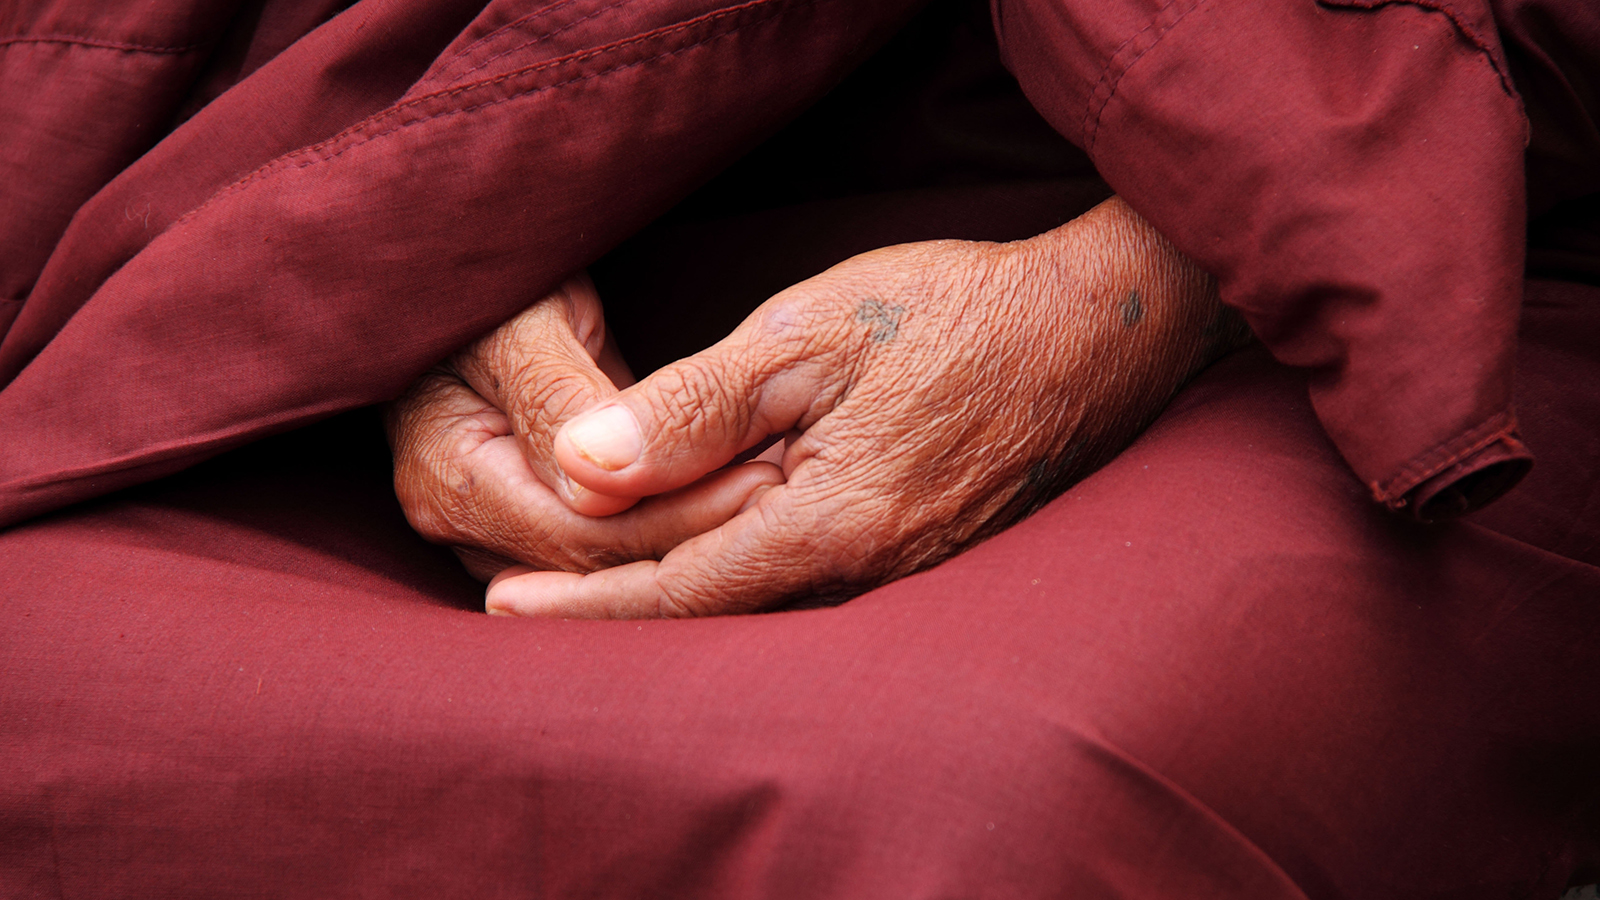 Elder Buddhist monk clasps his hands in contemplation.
--
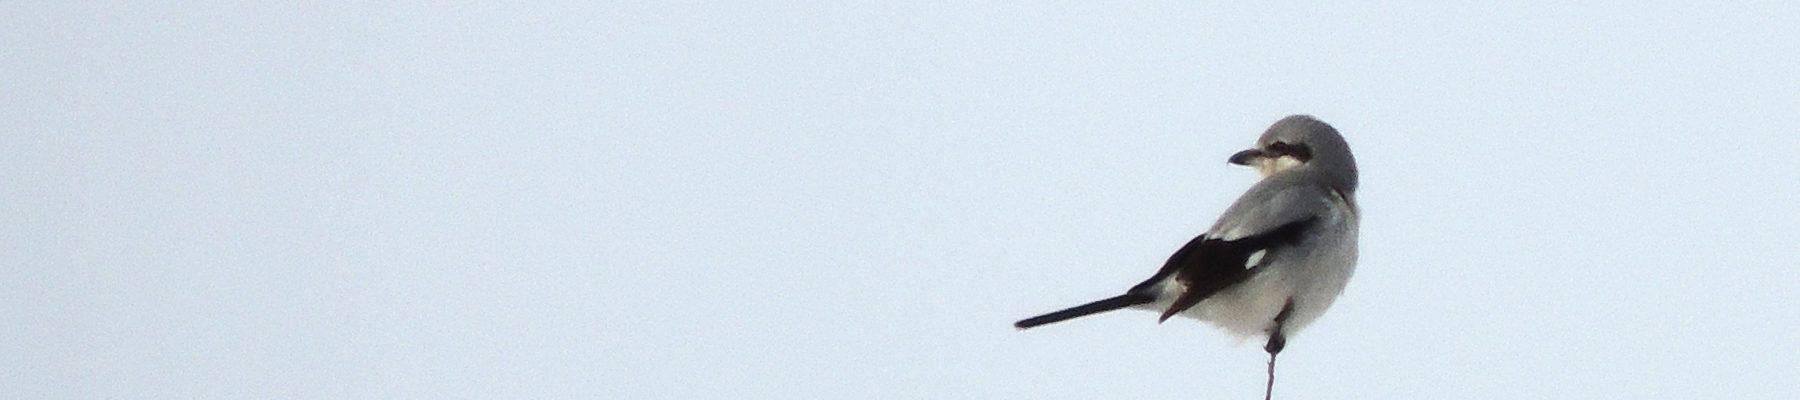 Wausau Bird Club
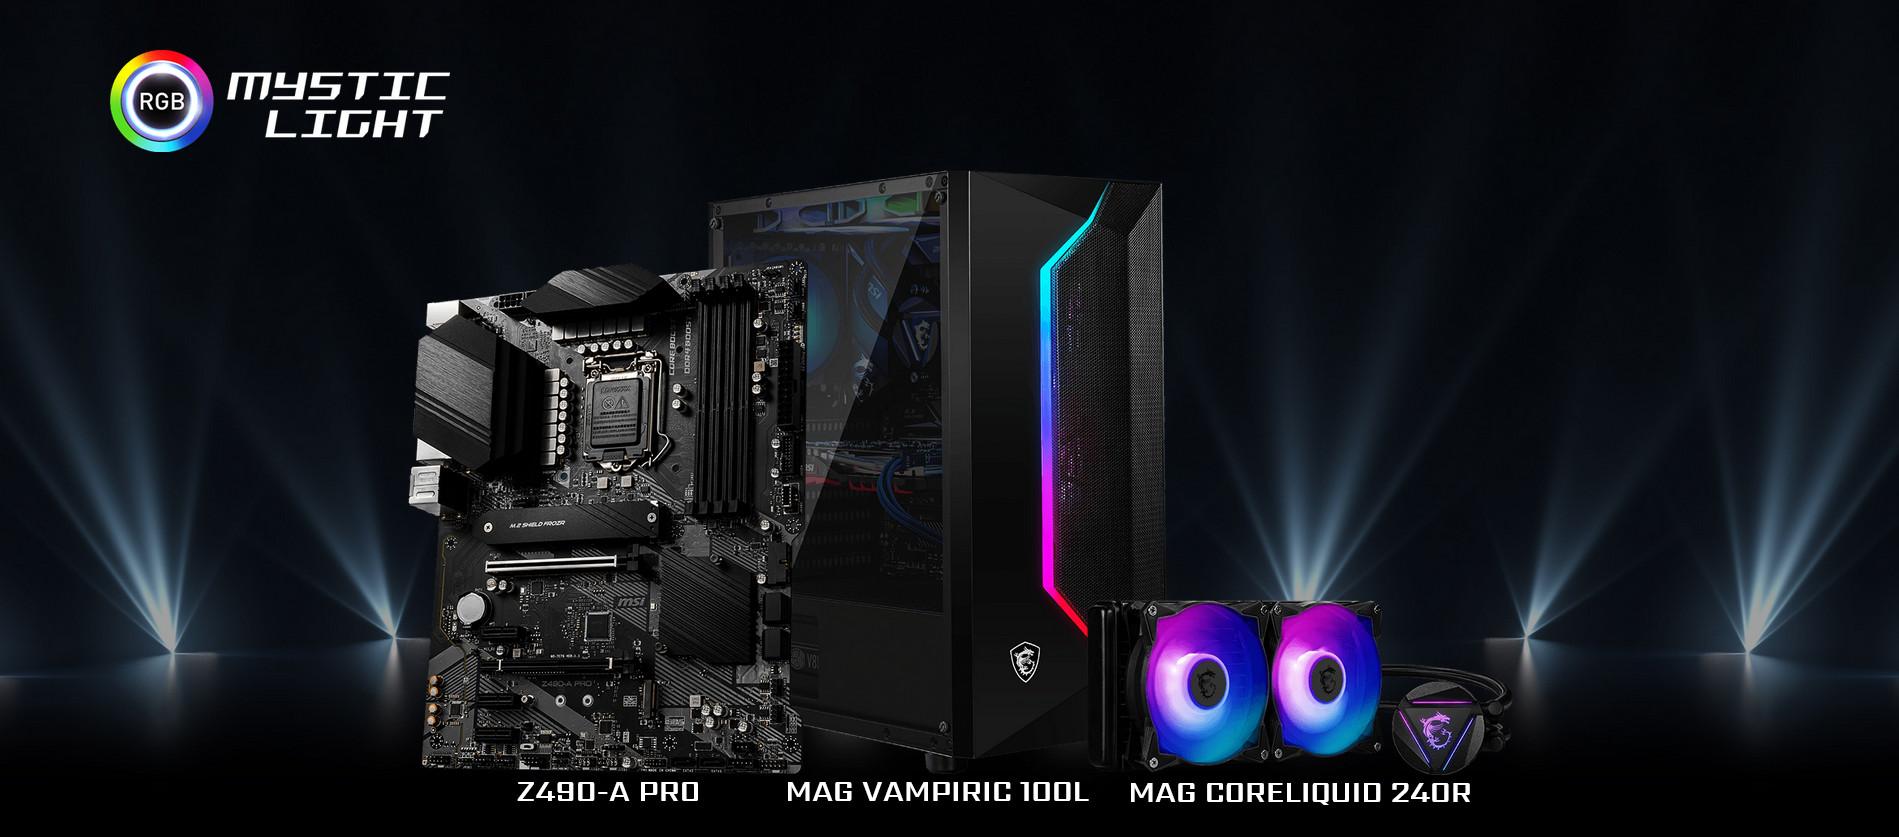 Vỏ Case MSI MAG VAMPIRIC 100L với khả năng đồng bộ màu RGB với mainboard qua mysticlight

= About this exercise =
An exact copy of the lines above from the one with "Wausau Bird Club" up to and including the one with "Vỏ Case MSI" is required; reproduce only those lines, omitting all pictures.

= Task output =
 Wausau Bird Club
 Vỏ Case MSI MAG VAMPIRIC 100L với khả năng đồng bộ màu RGB với mainboard qua mysticlight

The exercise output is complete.